Correspondence to Enrique Otárola.

Additional information

Communicated by Philippe G. CIARLET.

This paper is dedicated to Professor Ivo Babuška on the occasion of his 90th birthday.

The results in this paper were obtained when the authors met at the MFO Oberwolfach during the WS 1711 in March 2017. The research of RHN was supported in part by NSF Grants DMS-1109325 and DMS-1411808. The research of EO was supported in part by CONICYT through Project FONDECYT 3160201. The research of AJS was supported in part by NSF Grant DMS-1418784. The research of JMM was supported by the Austrian Science Fund (FWF) Project F 65. The research of CS was supported by the Swiss National Science Foundation (SNSF) under Grant No. 159940.

Appendices

A Proof of Lemma 11

We will only show (5.53), (5.54) as the estimates (5.55), (5.56) are proved using similar arguments; see, for instance, the proof of [6, Theorem 8]. We distinguish between the first element \(I_1\), the terminal element \(I_M\), and the remaining ones. We write \(h_i = |I_i|\). We simplify the exposition by assuming \(X = {{\mathbb {R}}}\).

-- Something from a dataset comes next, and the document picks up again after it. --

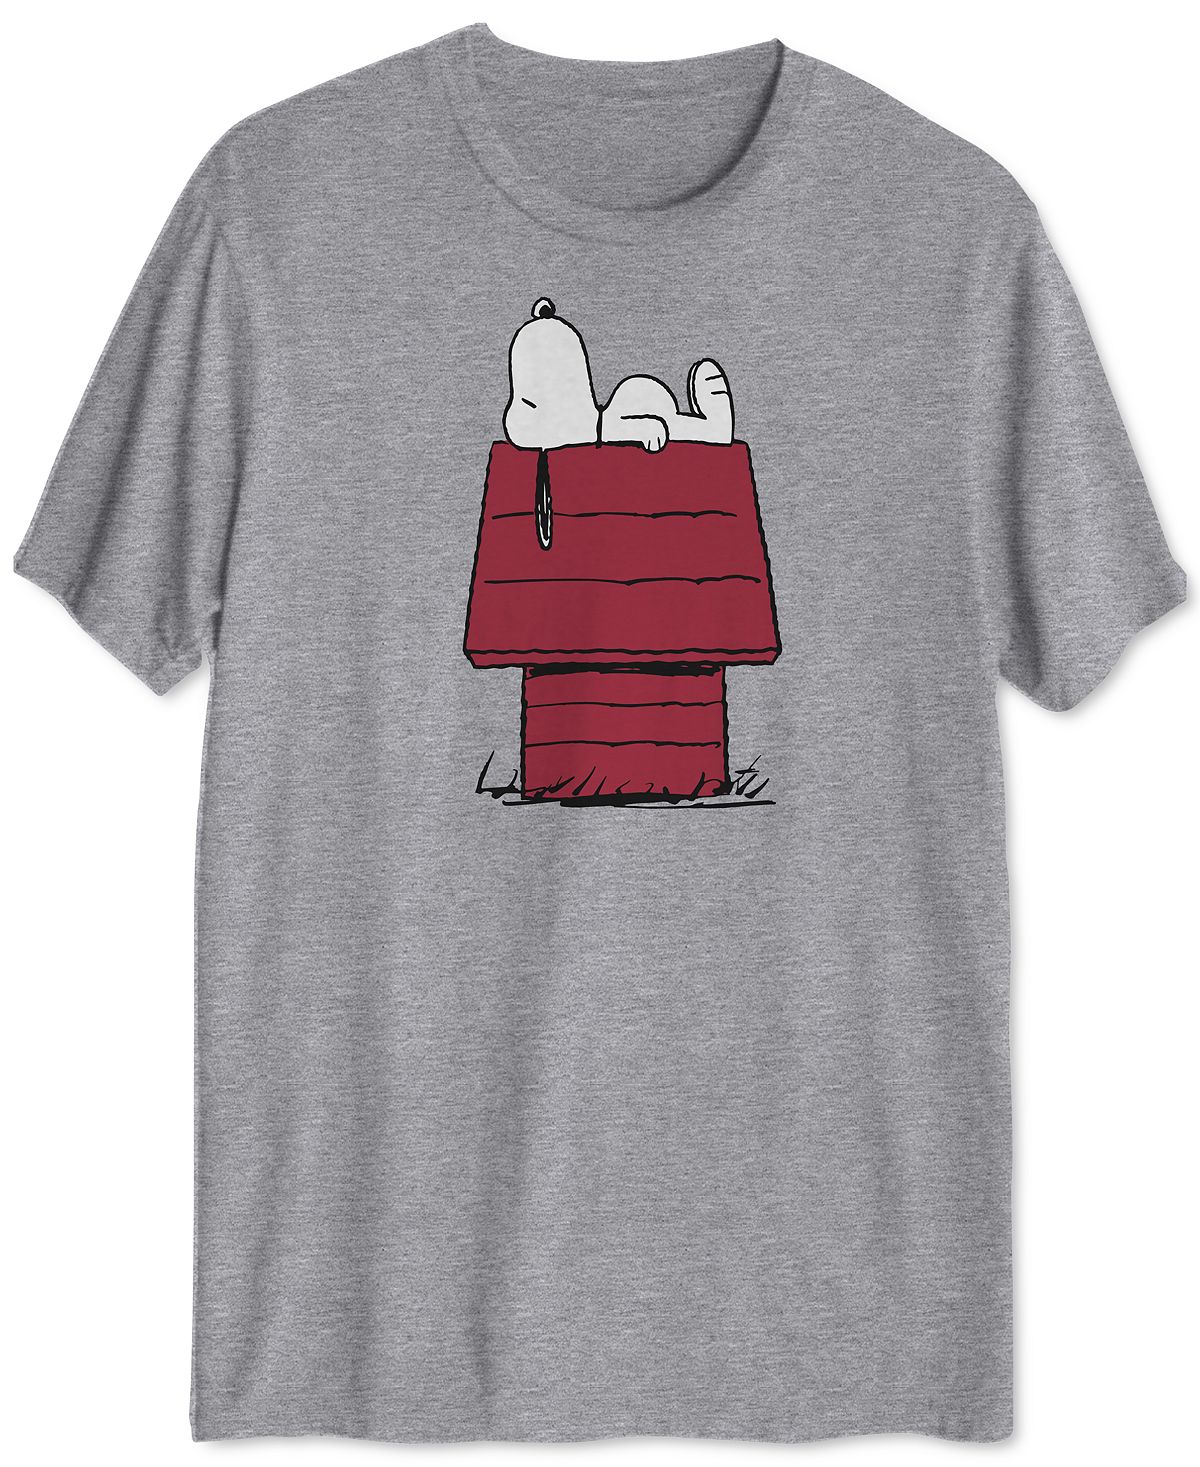 Мужская футболка с рисунком snoopy doghouse Hybrid, серый мужская футболка с рисунком микки hybrid серый

It is convenient to define, for each interval \(I_i\), \(i=2,\ldots ,M\), the quantity \(C_i\) by

$$\begin{aligned} C_i^2:= \sum _{\ell =1}^\infty (2 K_u)^{-\ell } \frac{1}{\ell !^2} \Vert u^{(\ell )}\Vert ^2_{L^2(\omega _{\alpha + 2\ell -2\beta ,\gamma }, I_i)}. \end{aligned}$$
(A.1)

We observe that, since \(u \in {{\mathscr {B}}}_{\beta ,\gamma }^1(C_u,K_u)\),

$$\begin{aligned} \sum _{i=2}^M C_i^2 \le 2 C_u^2, \end{aligned}$$
(A.2)

where we recall that the space \({{\mathscr {B}}}_{\beta ,\gamma }^1(C_u,K_u)\) corresponds to a class of analytic functions and is defined as in (5.51). We begin the proof with an auxiliary result about linear interpolation on the reference element.

Lemma 15

(linear interpolant) Let X be a Hilbert space, \({\widehat{K}} = (0,1)\), and let \(\widetilde{\pi }_1\) be the linear interpolant in the points 1 / 2, 1. Let \(\alpha > -1\) and \(\delta \le 1\). Then, for \(u \in C((0,1];X)\) and provided the terms on the right-hand side are finite, we have

$$\begin{aligned} \int _{{\widehat{K}}} y^\alpha \Vert u - \widetilde{\pi }_1 u\Vert _X^2\, \, {\mathrm{d}}y&\lesssim \int _{{\widehat{K}}} y^{\alpha +2\delta } \Vert u^\prime \Vert _X^2\, \, {\mathrm{d}}y , \end{aligned}$$
(A.3)
$$\begin{aligned} \int _{{\widehat{K}}} y^\alpha \Vert (u - \widetilde{\pi }_1 u)^\prime \Vert _X^2\, \, {\mathrm{d}}y&\lesssim \int _{{\widehat{K}}} y^{\alpha +2\delta } \Vert u^{\prime \prime }\Vert _X^2\, \, {\mathrm{d}}y, \end{aligned}$$
(A.4)

where the hidden constant is independent of u.

Proof

For notational simplicity, we will prove the lemma only for the case \(X = {{\mathbb {R}}}\).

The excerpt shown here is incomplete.